I have few background questions about paired-end reads and related practical questions to handle paired-end reads with (Strainphlan) pipeline. The data I'm using are metagenomic shotgun sequencing from the Human Microbiome Project.
My understanding of paired-end reads is that when sequencing, we get one read starting from one end of the fragment, and one starting from the other end, the purpose being to have a better coverage of the sequence.
Shouldn't there be approximately the same number of reads in both files? For most samples, I have huge difference in files size. Typically the sample.1.fastq contains 8 millions reads while the sample.2.fastq has only 2 millions. Why such a big difference?
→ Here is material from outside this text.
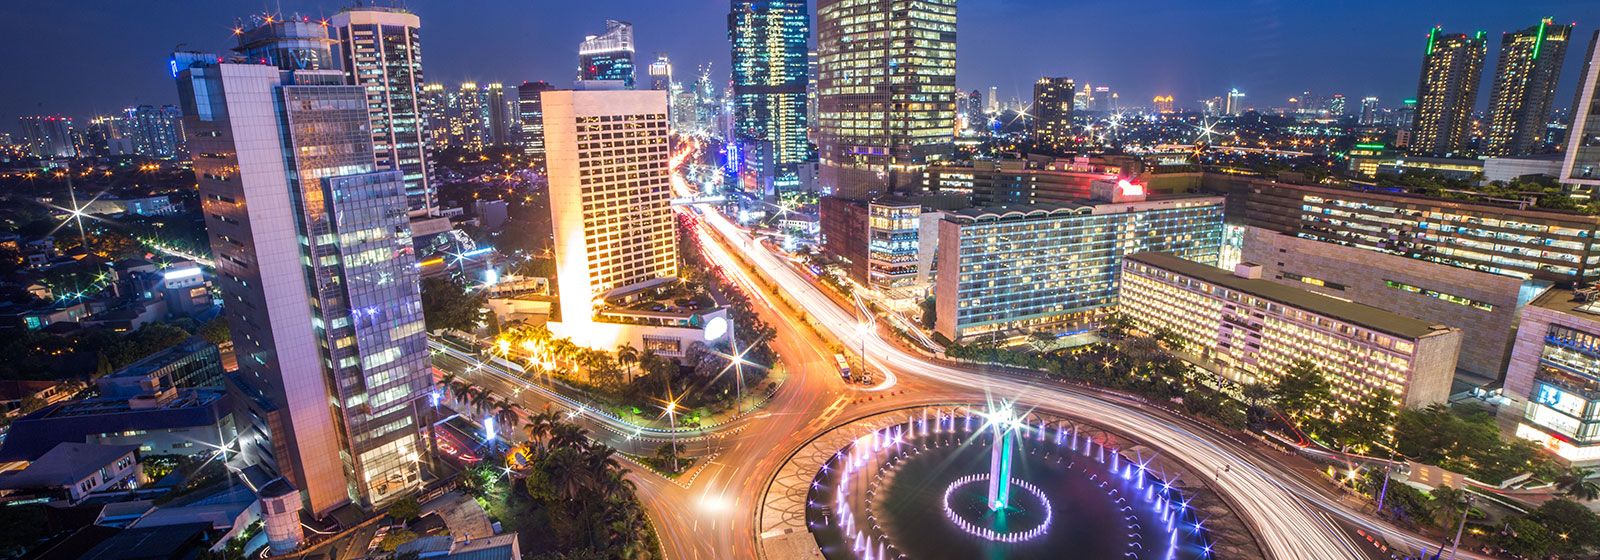 Jakarta cityscape lit up at night

For genome assembly I get it is helpful. In my case I want to use this data to identify species and strains in those metagenomic samples. I do not have an intuition about how important it is to get the second read (is there so many errors?).
The reason for this second question is that the pipeline I am using does not handle paired-end reads. Here is what the help says: "MetaPhlAn 2 can also natively handle paired-end metagenomes (but does not use the paired-end information)"
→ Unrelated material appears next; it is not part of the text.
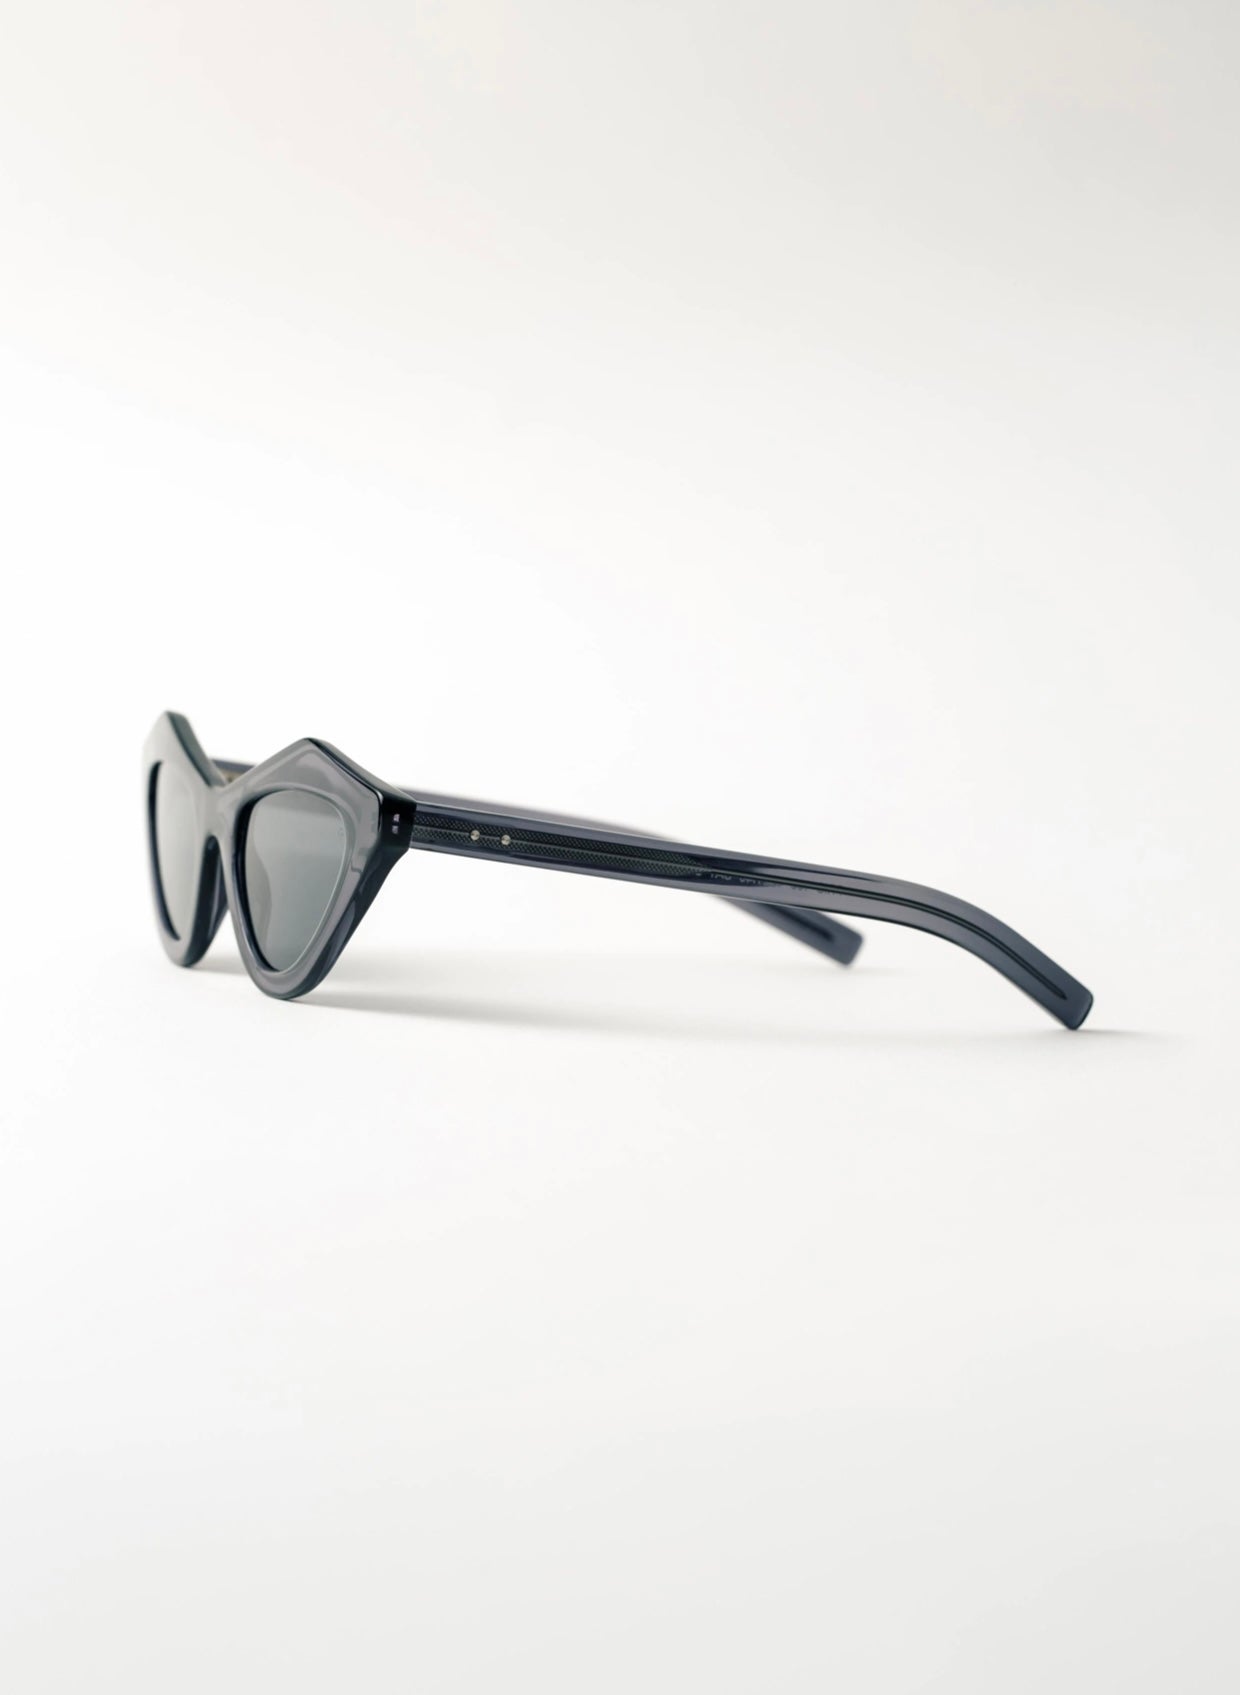 Oscar Magnuson - Sunglasses Pris Crystal Grey

- What does mean "it handles paired end reads" if it does not use paired-end information?
- If I run my command with --input_file sample.1.fastq,sample.2.fastq, it runs into an error because of orphan reads, but if I clear out all those orphan reads, I loose a lot of data (hence my question above).
- If I run the command only specifying --input_file sample.1.fastq, I'm not sure how reliable it is to use only a single read and completely ignoring the second one.